午後七時。夕食の時間になり、漆が主人の部屋を訪ねた。すると、紅貴は天蓋ベッドの上に横たわり、両耳にイヤホンをはめ、音楽を聴いていた。爆音で聴いているのか、イヤホンから曲が漏れ出ている。しかも、ノリノリのロックで、漆にはやや耳慣れない。
「…紅貴様、夕食のお時間でございます。ダイニングにお越しください。」
紅貴はチラッと執事を見て、ちっと舌打ちを一つし、耳からイヤホンを力任せに引き抜いた。反抗的な態度に、漆は顔を顰める。執事は主人を嗜める。

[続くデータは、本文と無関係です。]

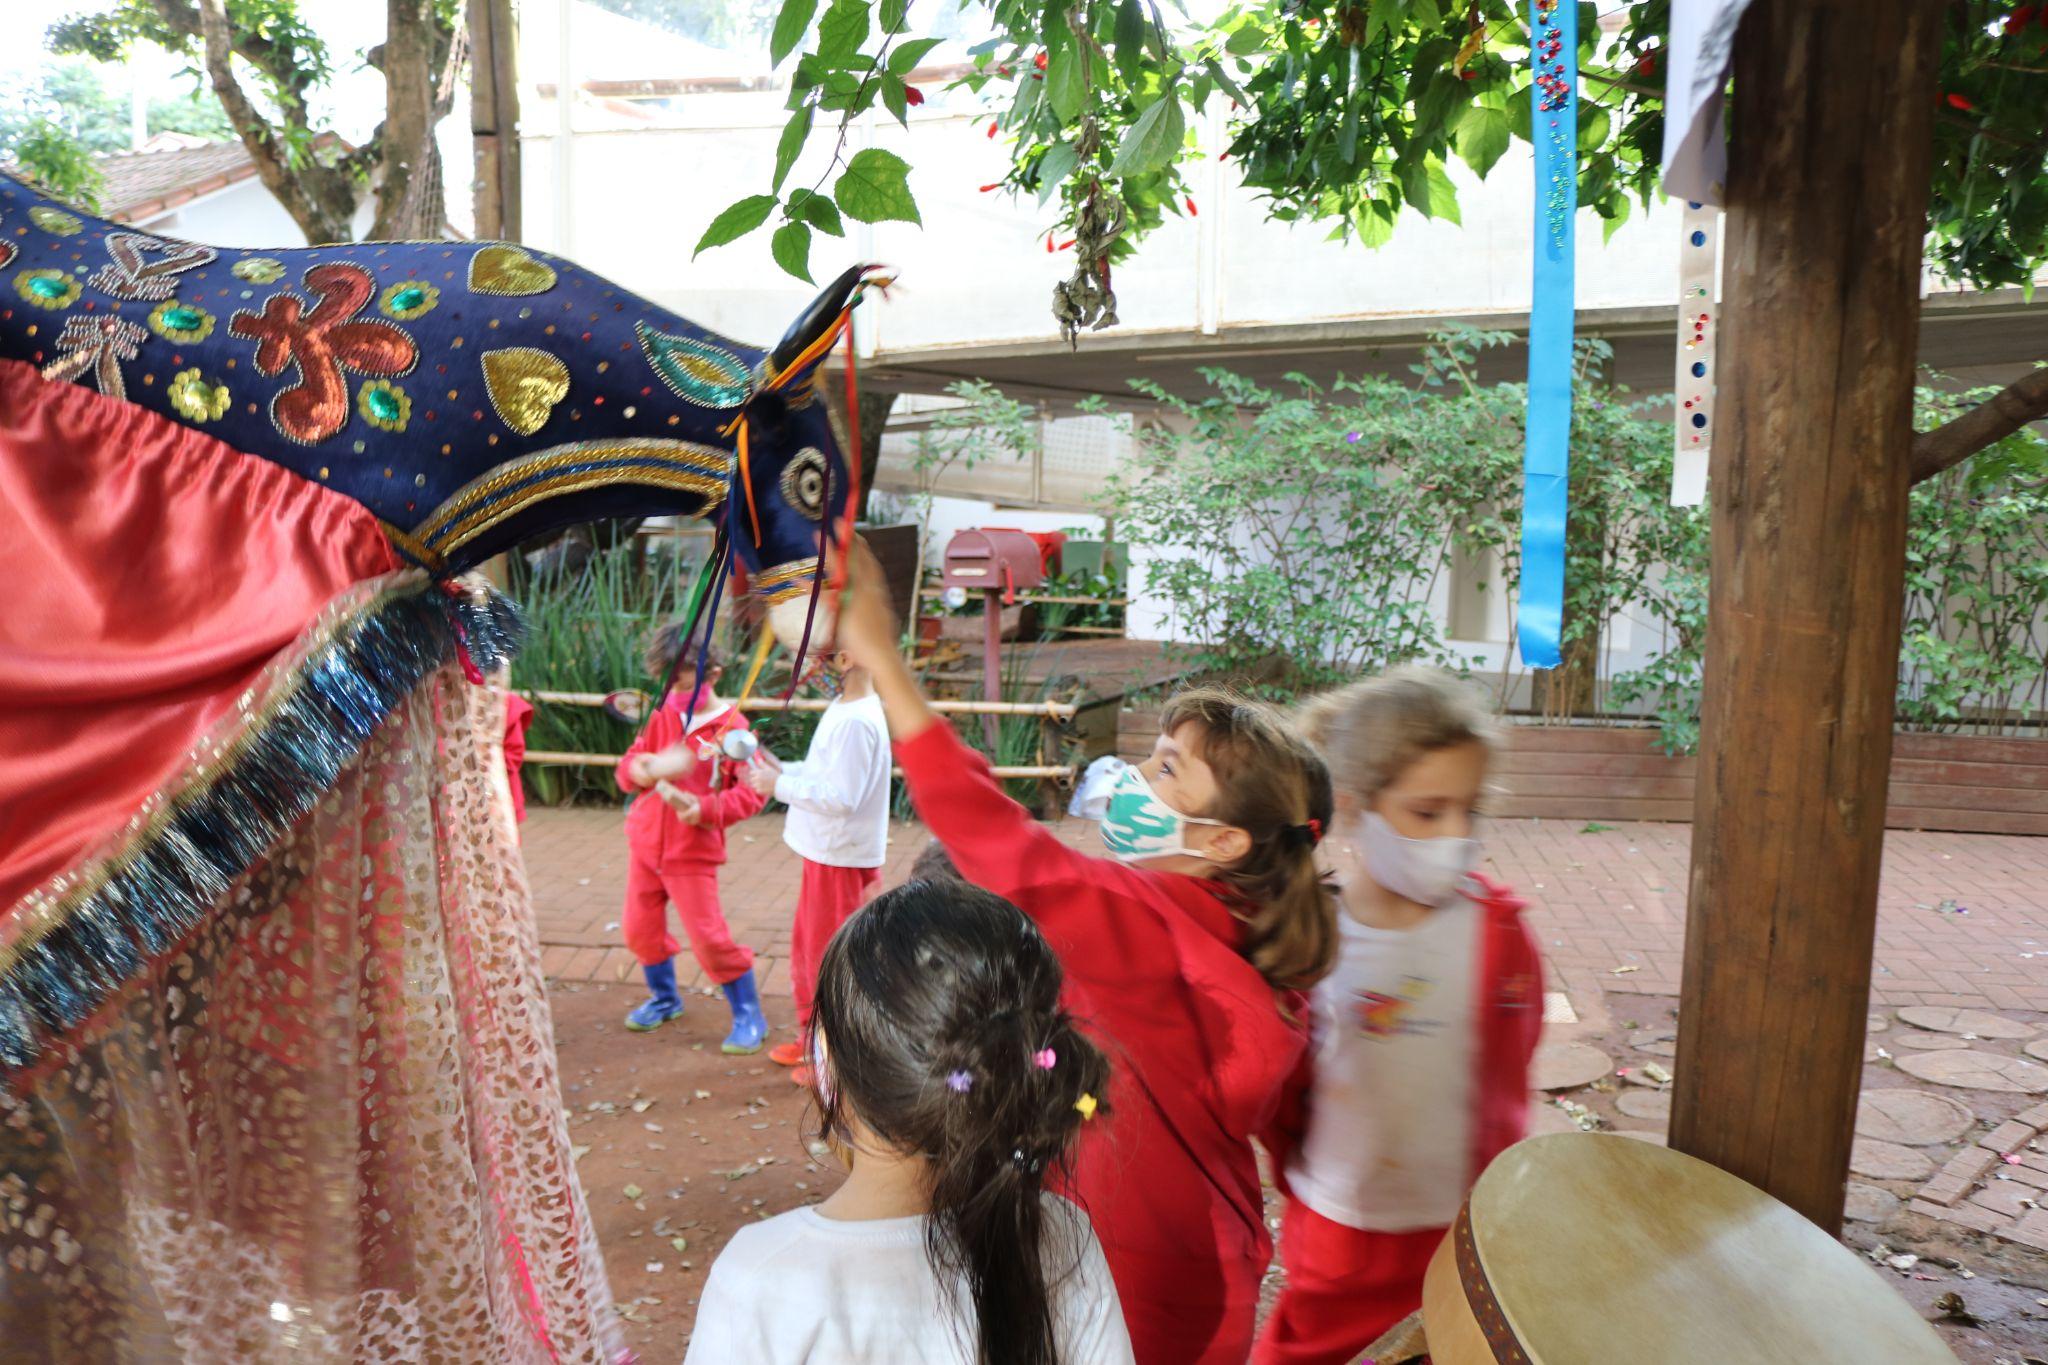 A imagem mostra uma criança interagindo com uma fantasia de um boi.

「…紅貴様、次の誕生日は紗千香様との御婚約の日となります。それまでに、谷ヶ崎の名が穢れるような行為はお控えください。」
ベッドから離れた紅貴は執事を睨みつけ、眉根を寄せた。
「…あ゛あ゛!?婚約なんてドーセ、親同士が決めたことだろ。指輪と紙っぺらだけのお約束に、オレの行動が制限されてたまるかよ。」
「ですが、家同士がかわした、決め事です。世間の目もありますし…。」
紅貴は執事の傍に寄ってくる。…今や、主従の身長は逆転していた。そこまで背の高くない執事を、主人はギロリと見下げる。
「…いいのかよ、お前らの大事なあの遠瀬院とかいう女を、オレが壊しても。」
「…。」
一瞬にして、漆の顔面が蒼白に変わる。…漆は少し躊躇ってから、ワインレッドの絨毯へと膝をつき、両手を滑らせ、主の前で土下座した。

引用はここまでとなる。